Some excerpts from Friedman's column, the whole thing is a great
read...
<<< It is great to see that we finally have some national unity on
energy policy. Unfortunately, the unifying idea is so ridiculous, so
unworthy of the people aspiring to lead our nation, it takes your
breath away. Hillary Clinton has decided to line up with John McCain
in pushing to suspend the federal excise tax on gasoline, 18.4 cents a
gallon, for this summer’s travel season. This is not an energy policy.
This is money laundering: we borrow money from China and ship it to
Saudi Arabia and take a little cut for ourselves as it goes through
our gas tanks.
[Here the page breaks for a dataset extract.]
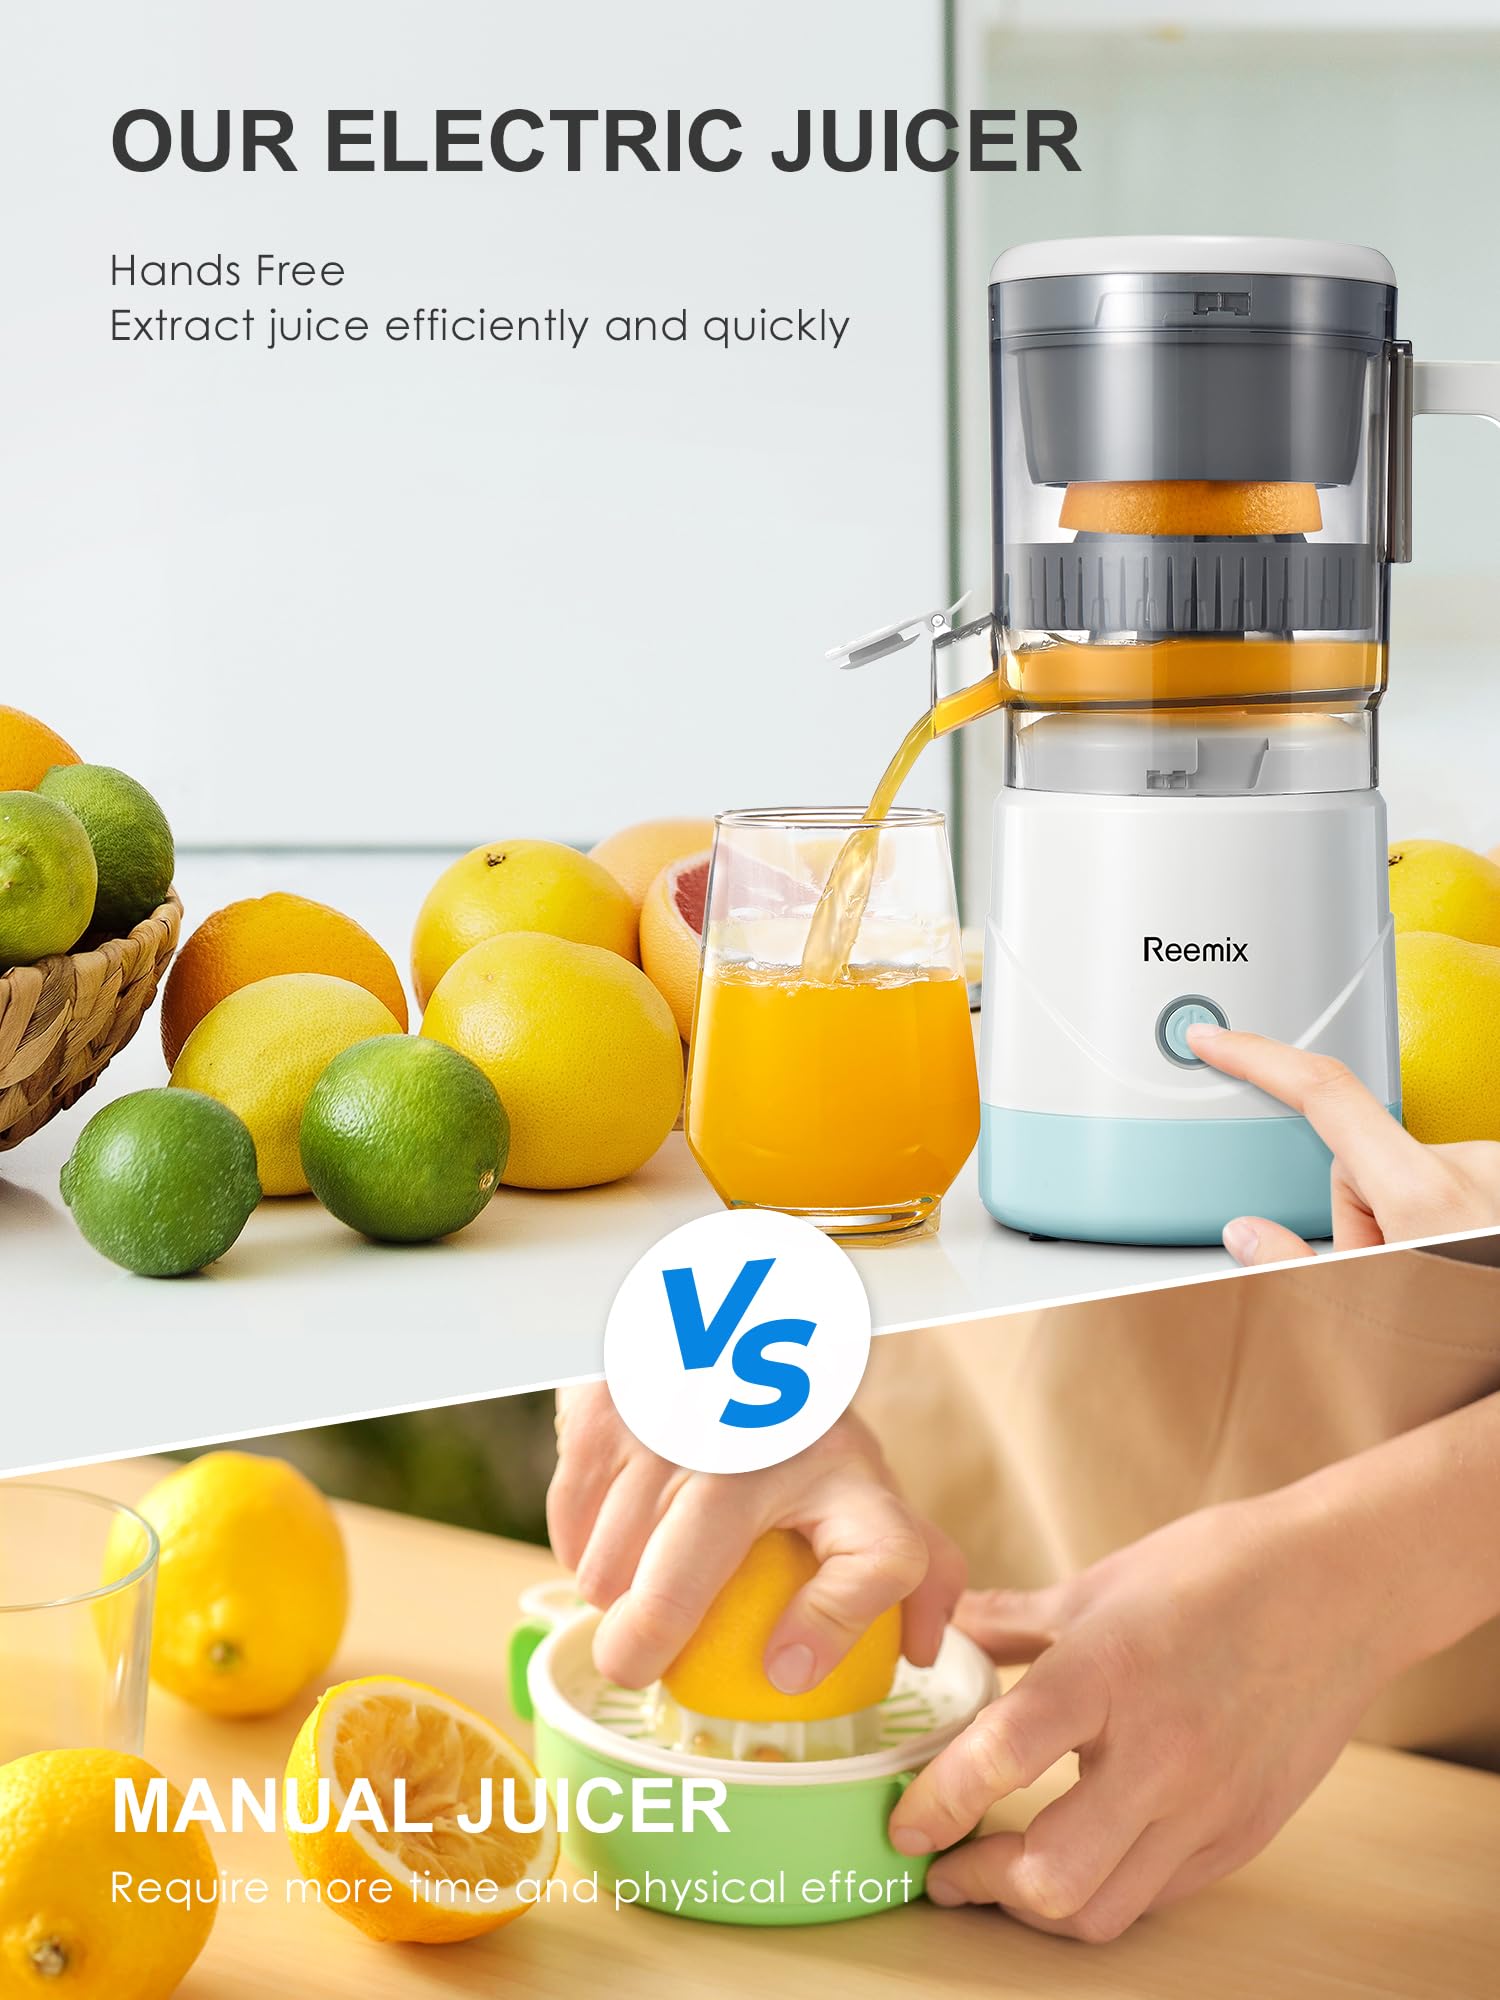 Electric Citrus Juicer, Reemix Full-Automatic Orange Juicer Squeezer for Orange, Lemon, Grapefruit, Citrus Juicer with Cleaning Brush, Easy to Clean and Use (White)

What a way to build our country.

When the summer is over, we will have increased our debt to China,
increased our transfer of wealth to Saudi Arabia and increased our
contribution to global warming for our kids to inherit.>>>>

<<<<<The McCain-Clinton gas holiday proposal is a perfect example of
what energy expert Peter Schwartz of Global Business Network describes
as the true American energy policy today: “Maximize demand, minimize
supply and buy the rest from the people who hate us the most.”

Good for Barack Obama for resisting this shameful pandering. >>>>

<<<< It is also alarming, says Rhone Resch, the president of the Solar
Energy Industries Association, that the U.S. has reached a point
“where the priorities of Congress could become so distorted by
politics” that it would turn its back on the next great global
industry — clean power — “but that’s exactly what is happening.” If
the wind and solar credits expire, said Resch, the impact in just 2009
would be more than 100,000 jobs either lost or not created in these
industries, and $20 billion worth of investments that won’t be made.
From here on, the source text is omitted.